The PSO-NLM algorithm proposed in this study is used for filtering and noise reduction of the composite signals.In order to verify the effectiveness and superiority of PSO-NLM, two commonly used fast filtering algorithms, i.e., median filtering (MF) and wavelet thresholding noise reduction (WTD), are also used to compare with the proposed PSO-NLM method, taking into account that the PSO-NLM is an improvement on the NLM method. Therefore, NLM is also used to analyze the original signal and compare it with the proposed method. In the noise reduction process, the unique parameter window length of median filtering is selected as 35, the optimal predictor variable threshold selection is used in wavelet threshold filtering, soft threshold noise reduction method, sym3 wavelet basis function is selected, the number of decomposition layers is set to 4, the structural block half-width of 90 is selected for NLM and PSO-NLM, the search region half-width of 6000, and the filter parameter is set to 1. The denoising effect of different algorithms is shown in Fig. 4. Where Fig. 4(a)~(d) shows the feature extraction effect of MF, WTD, NLM and PSO-NLM, respectively. As can be seen from the figure, all four methods can filter out a large amount of noise and highlight the Gaussian pulse sequence. The median filtering denoises the most remaining noise, while wavelet thresholding denoises the waveform with serious distortion. NLM and PSO-NLM denoise the Gaussian pulse sequence more purely and with less distortion.

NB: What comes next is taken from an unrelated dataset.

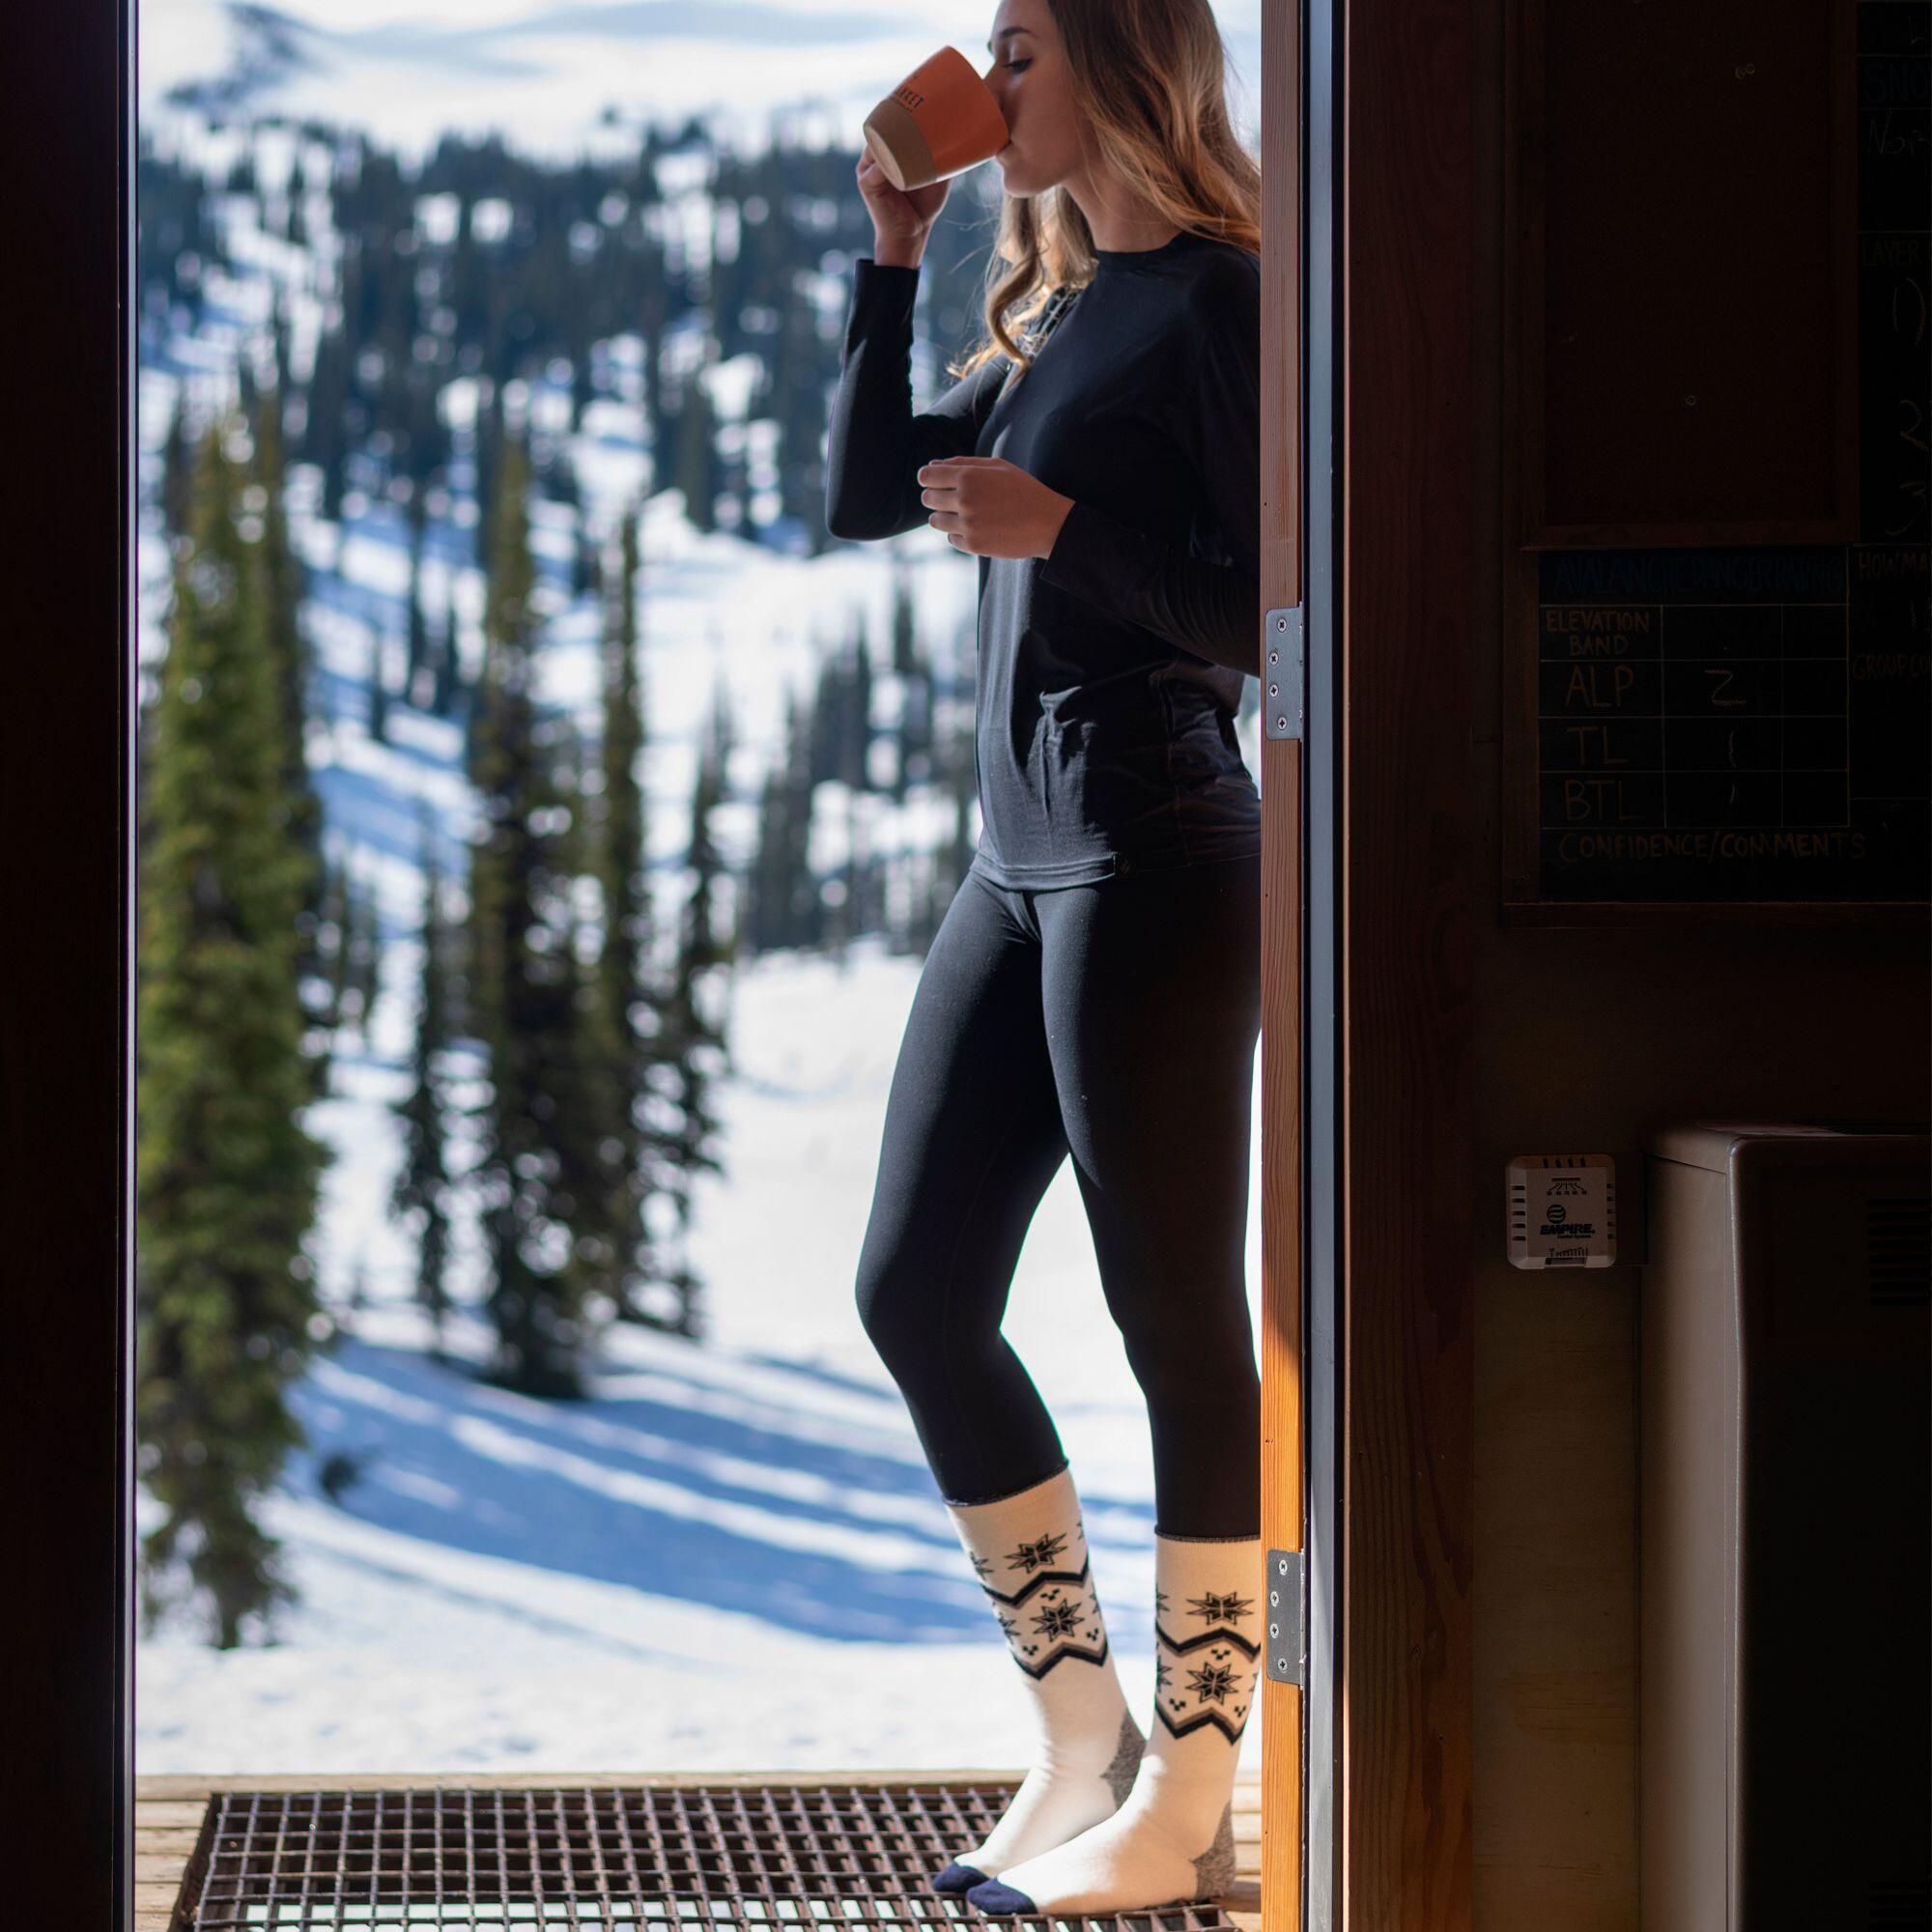 Ladies Thin Lightweight Warm Thermal Winter Long Knee High Ski Socks 3/4

In order to quantitatively compare the denoising performance of the four filtering methods, signal-to-noise ratio (SNR) and mean absolute error (MAE) are introduced as signal denoising evaluation indexes. White noise from -10dB to 20dB SNR is sequentially added to the original Gaussian pulse sequence, and MAE is used as a quantitative index to examine the denoising performance of median filtering, wavelet threshold filtering, NLM and PSO-NLM in different noise environments. Figure 5 shows the feature extraction effect of different algorithms under different signal-to-noise ratios.

It can be seen that the PSO-NLM algorithm has high filtering accuracy under various signal-to-noise ratios, especially at low signal-to-noise ratios, and still has good robustness. When the signal-to-noise ratio is increased from -10dB to 20dB, the feature extraction MAE of PSO-NLM algorithm is reduced from 0.574 to 0.081. In addition, the running time of the different algorithms is counted in this paper, and the four algorithms have a running time of less than 0.8s, which can be used as a feature extraction method for fault diagnosis in offshore oil and gas fields. Among them, the running time of PSO-NLM algorithm is only 0.051s, which is about 81.48% higher than that of NLM algorithm, and has the optimal running efficiency. Therefore, the PSO-NLM algorithm is applied to extract fault features from offshore oil and gas field equipment, which has better extraction efficiency.

4.1.2

Validity of data interpolation

In order to ensure the integrity of multi-source heterogeneous data of offshore oil and gas field equipment, this paper introduces the CSI algorithm to interpolate and fill them. In order to further understand the effect of this algorithm for interpolation filling, this paper carries out simulation verification of the nearest neighbor interpolation, linear interpolation, cubic interpolation and CSI algorithm with corresponding simulation signals.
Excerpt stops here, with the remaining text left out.